=== Exercise requirements ===
Skip the pictures, please, and write out exactly every line from the one containing "Fist of God" through the end of the listing below.

=== Data for review ===
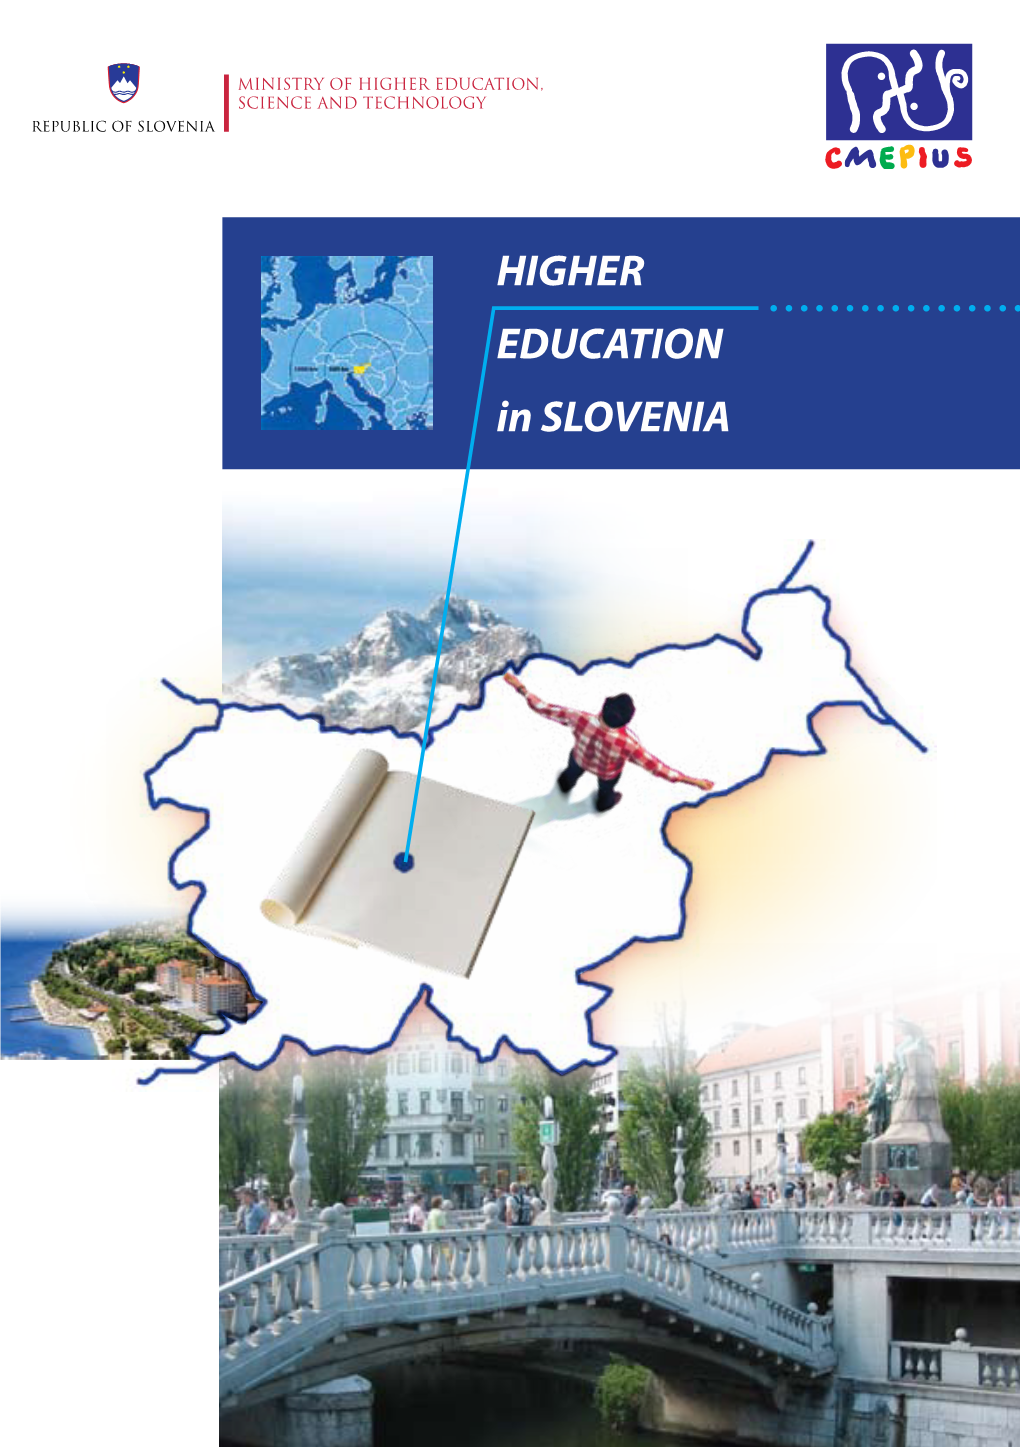 HIGHER EDUCATION in SLOVENIA
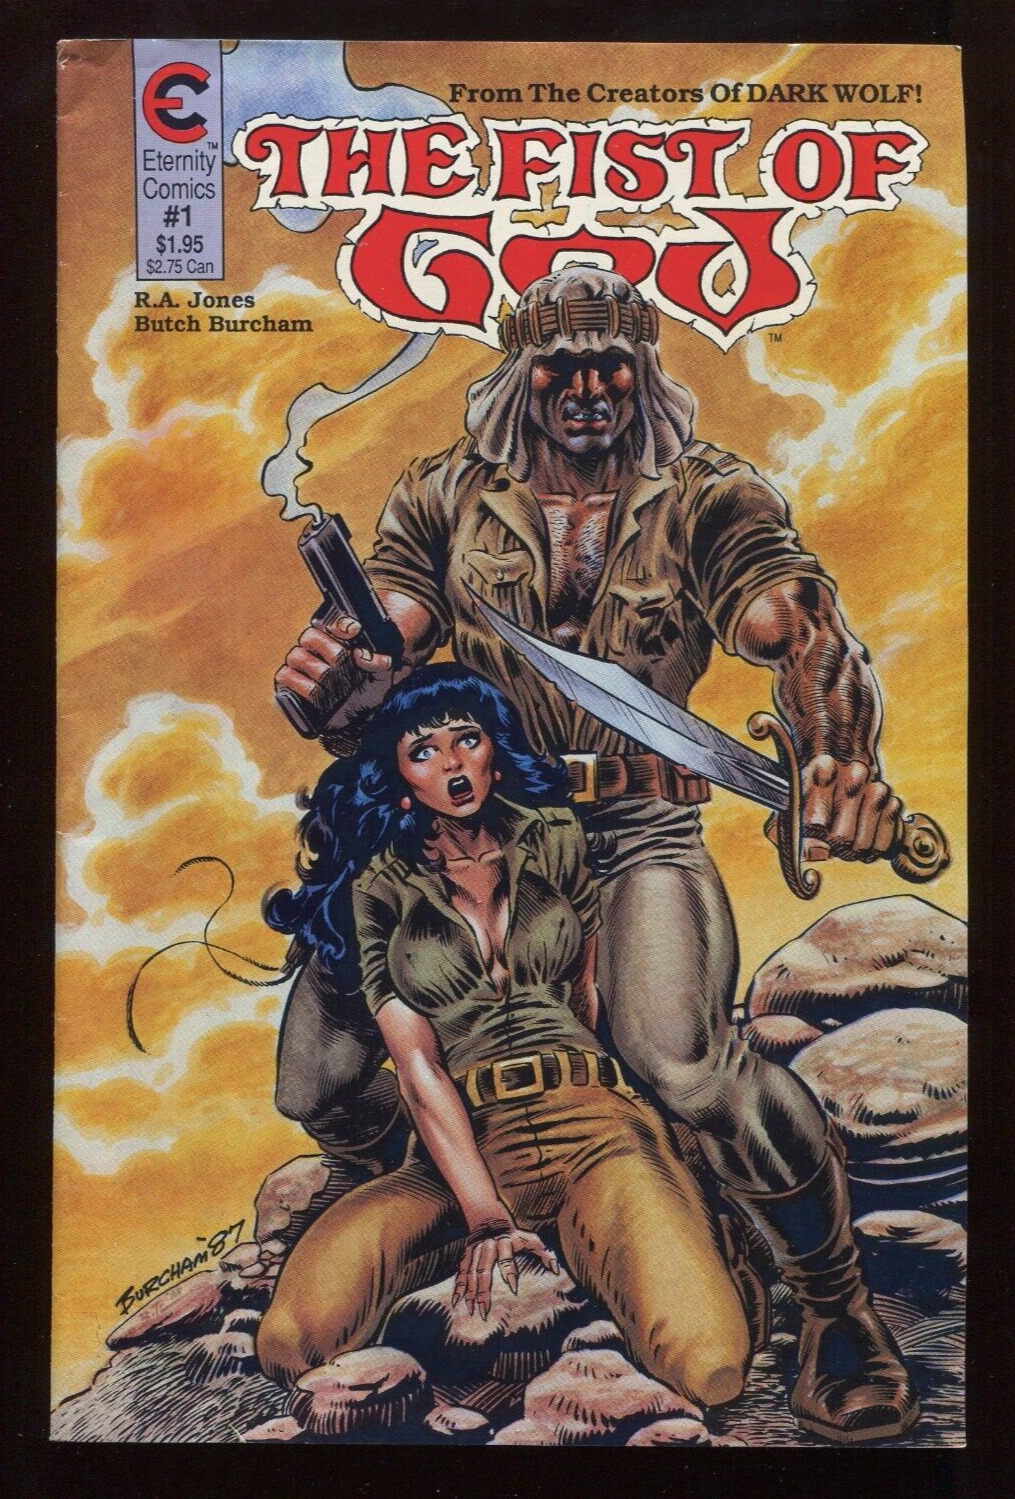 Fist of God #1 Eternity Comics May 1988 R.A. Jones Butch Burcham
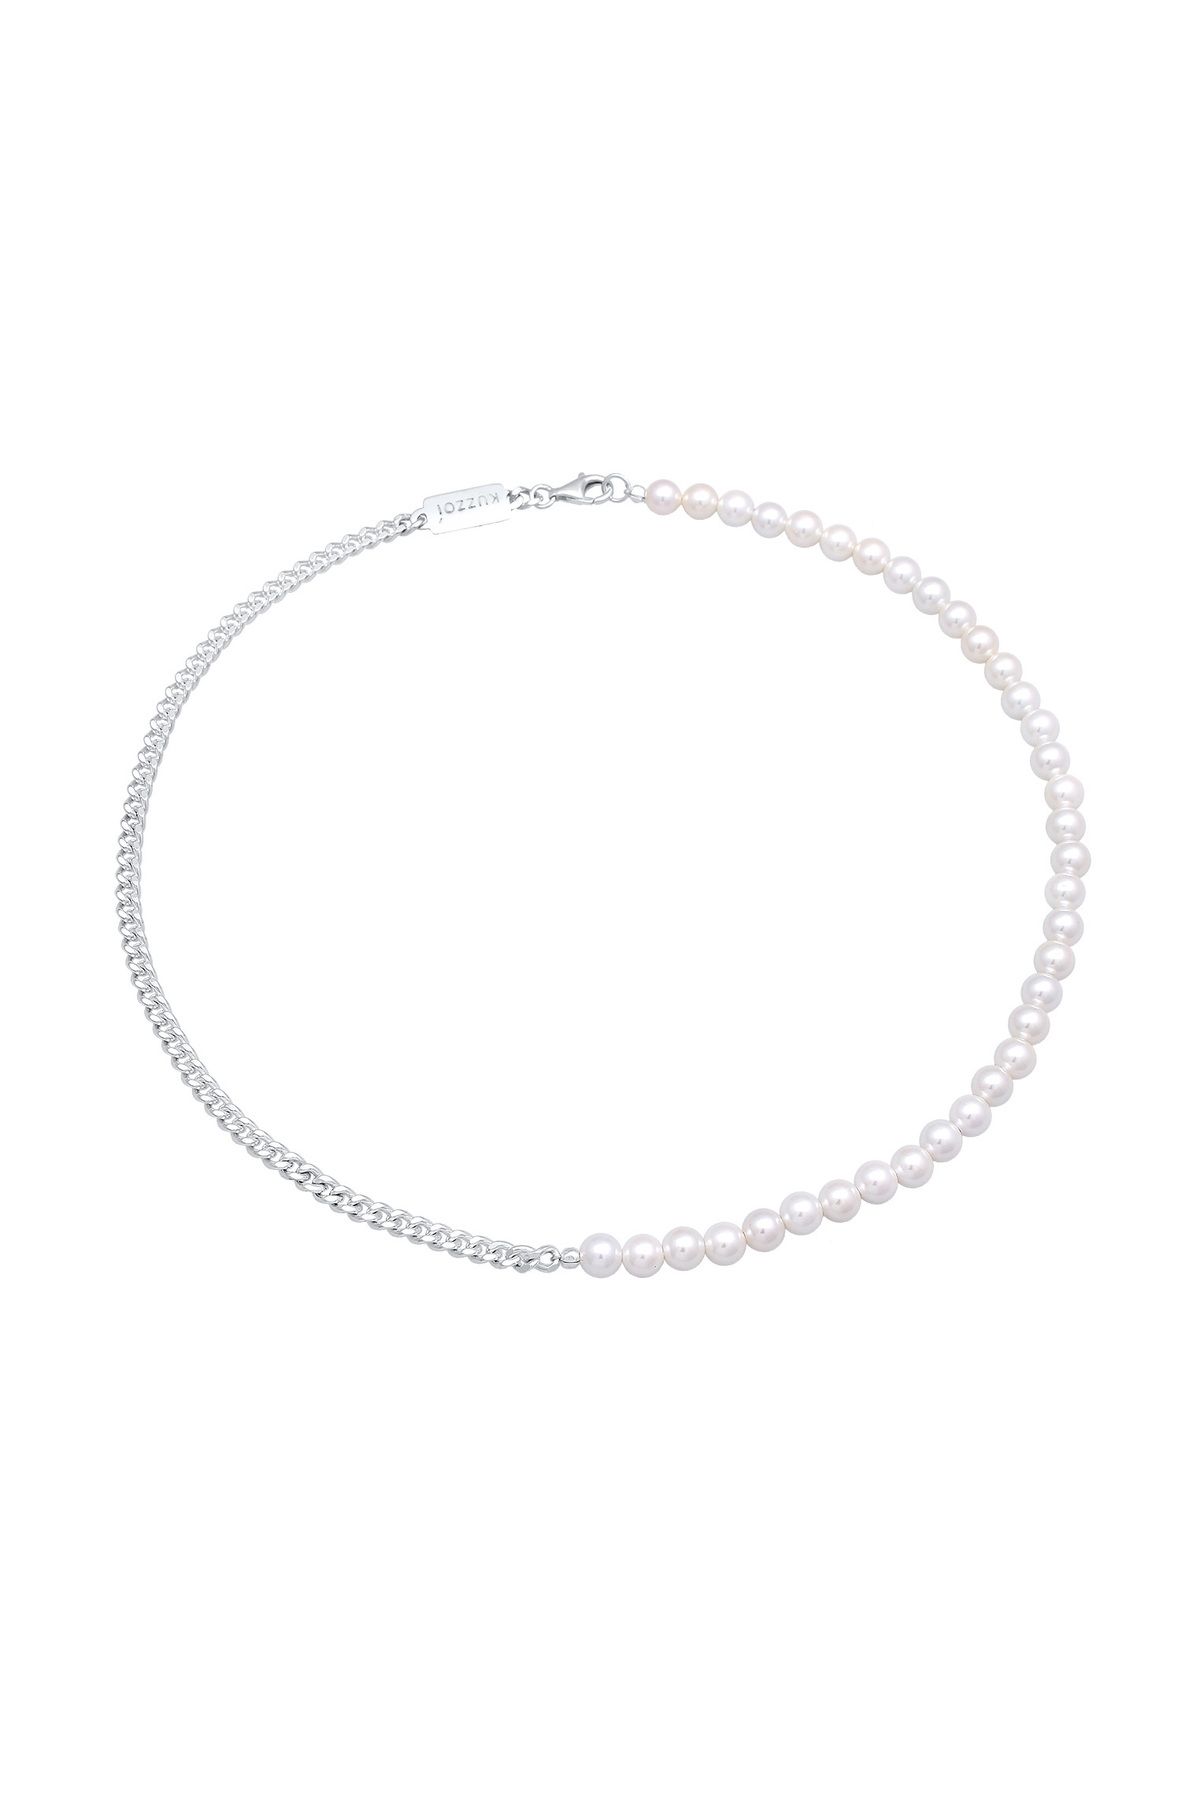 KUZZOI Halskette Silber Panzerkette 925 - Massiv Männer Trendyol Basic Perlen
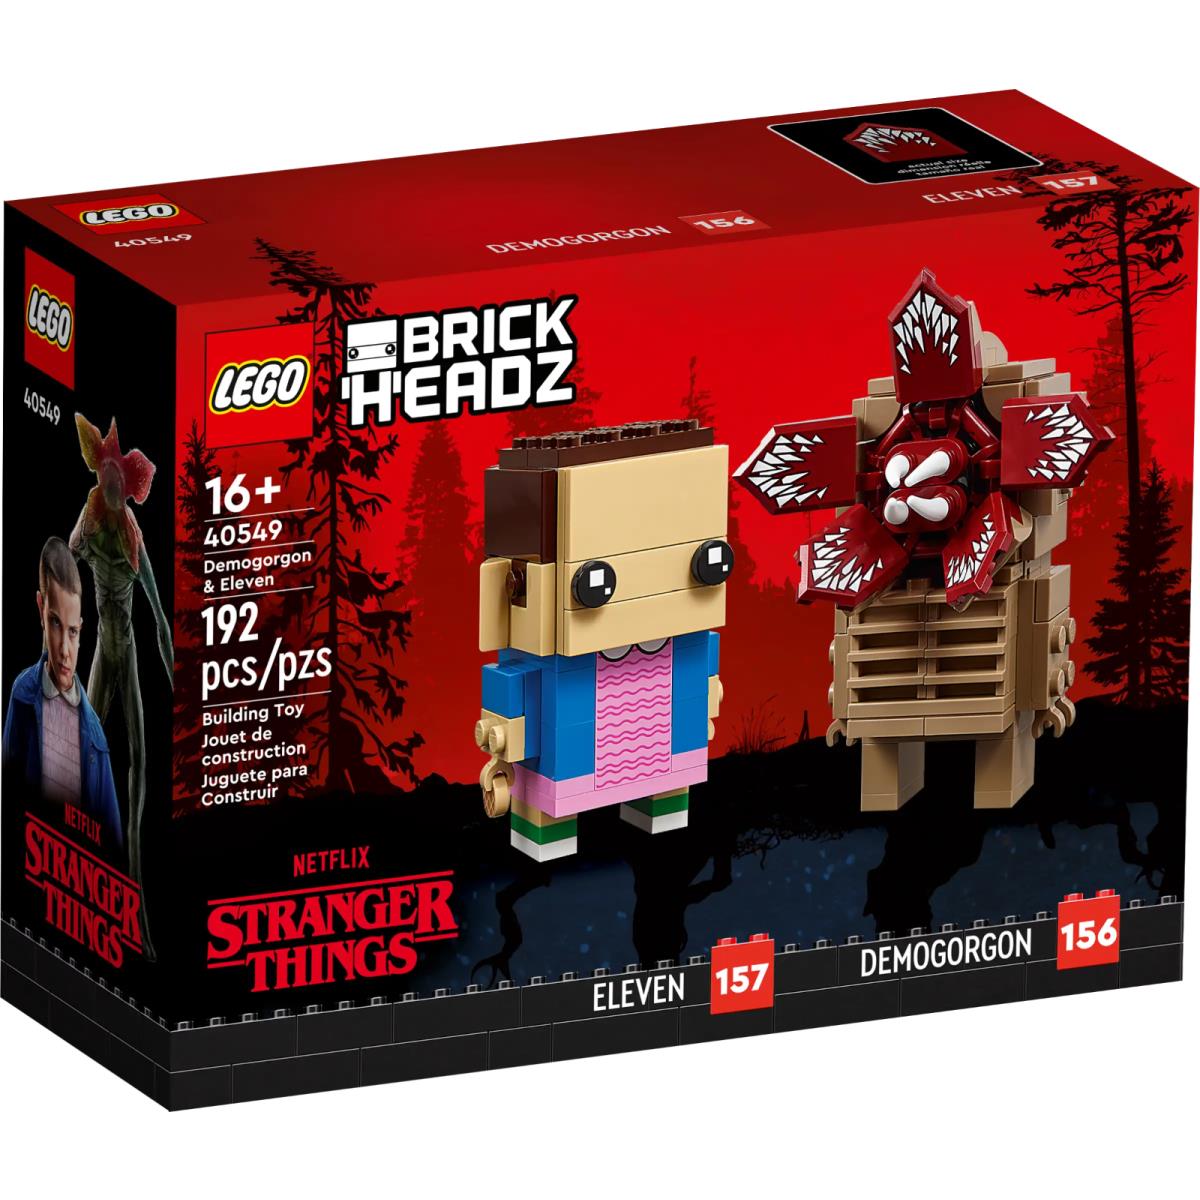 Lego Brickheadz Demogorgon Eleven Stranger Things 157 and 156
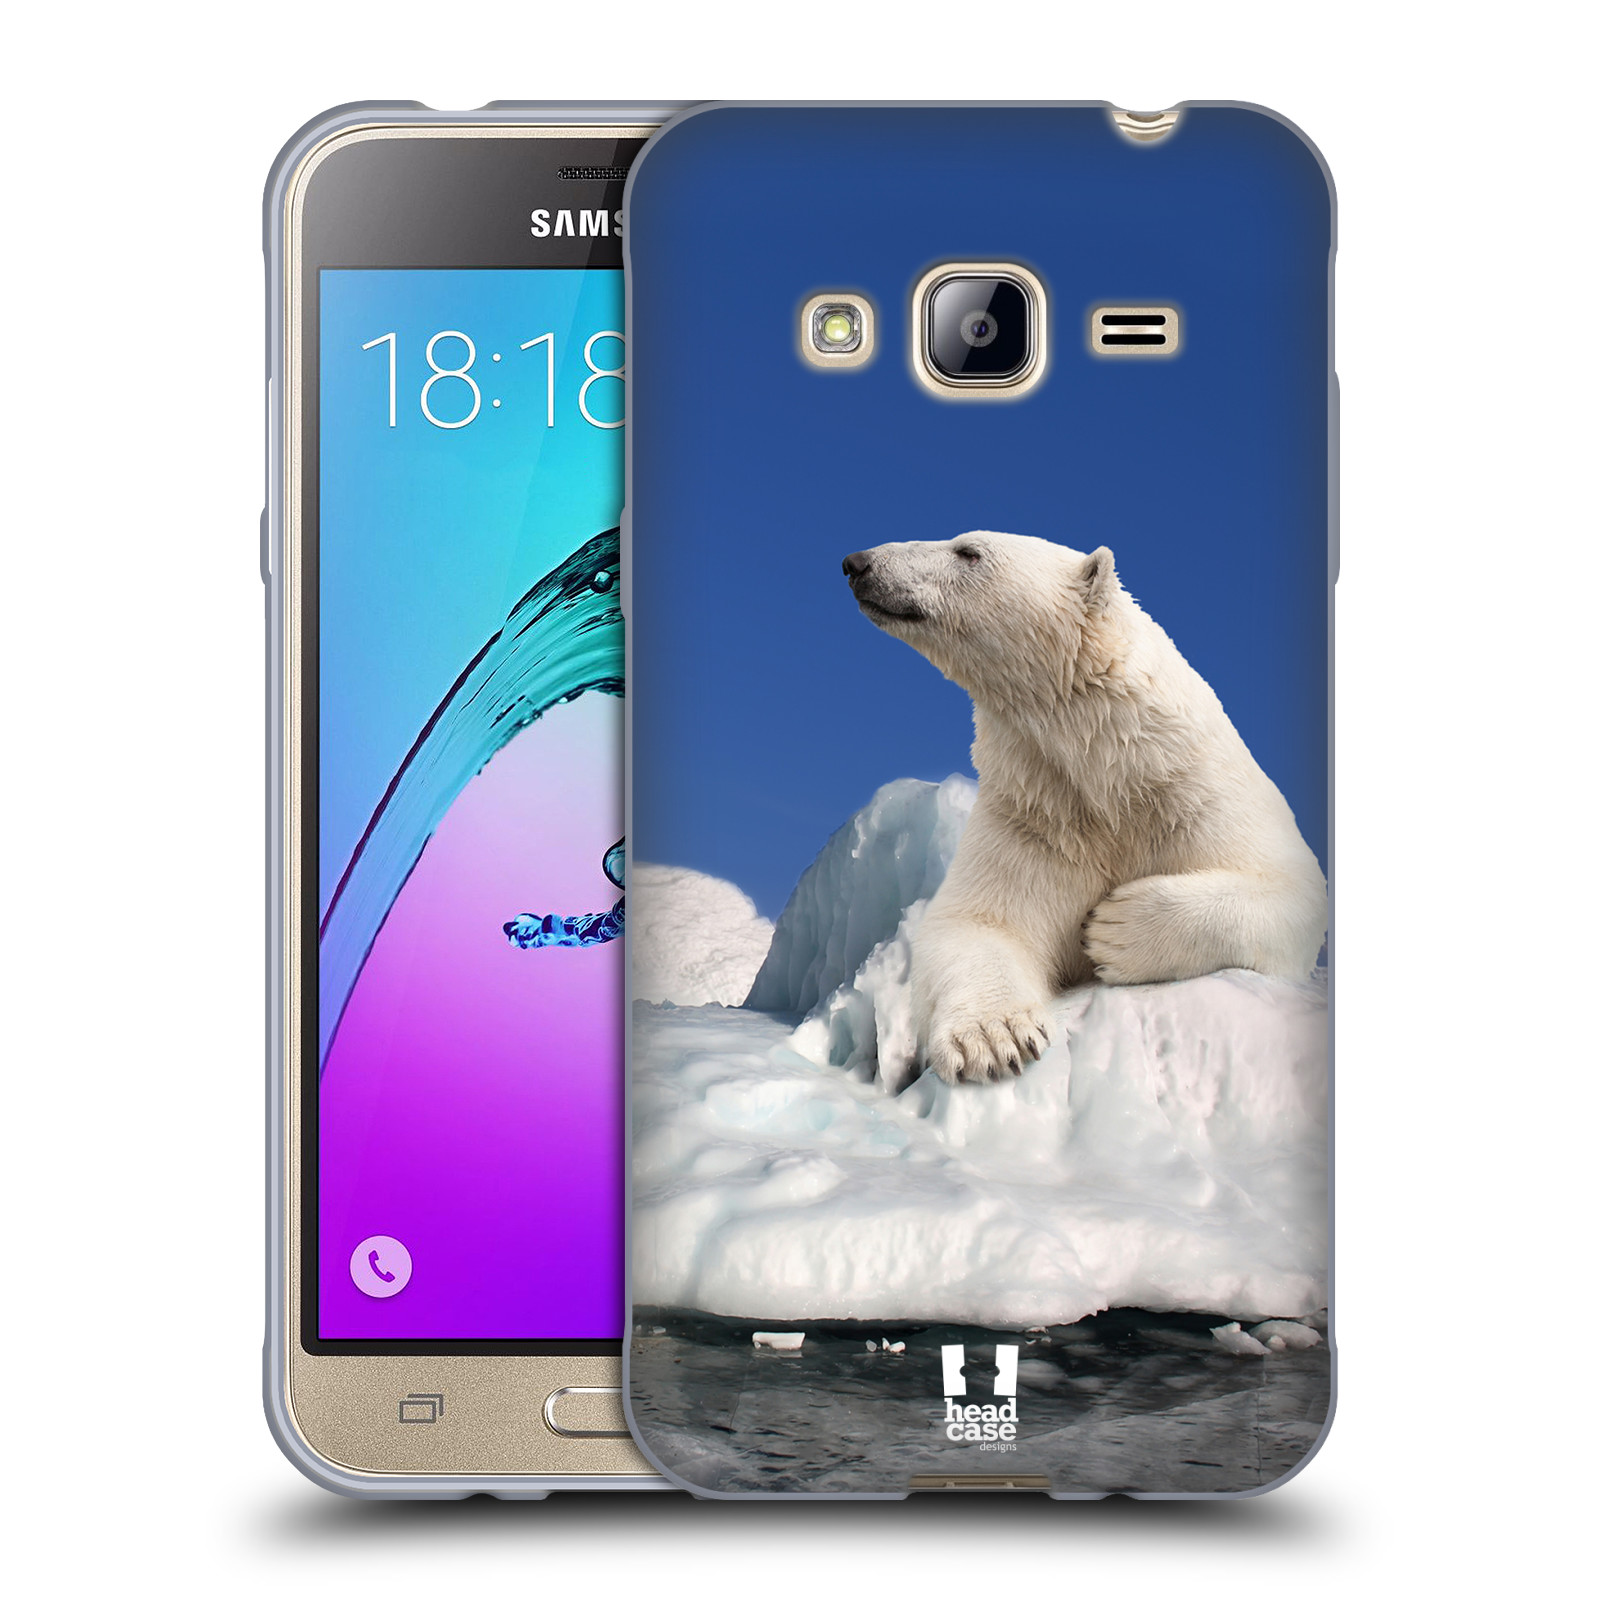 HEAD CASE silikonový obal na mobil Samsung Galaxy J3, J3 2016 vzor Divočina, Divoký život a zvířata foto LEDNÍ MEDVĚD NA LEDOVCI A NEBE MODRÁ

=== Response area ===
 Fist of God #1 Eternity Comics May 1988 R.A. Jones Butch Burcham
 KUZZOI Halskette Silber Panzerkette 925 - Massiv Männer Trendyol Basic Perlen
 Lego Brickheadz Demogorgon Eleven Stranger Things 157 and 156
 HEAD CASE silikonový obal na mobil Samsung Galaxy J3, J3 2016 vzor Divočina, Divoký život a zvířata foto LEDNÍ MEDVĚD NA LEDOVCI A NEBE MODRÁ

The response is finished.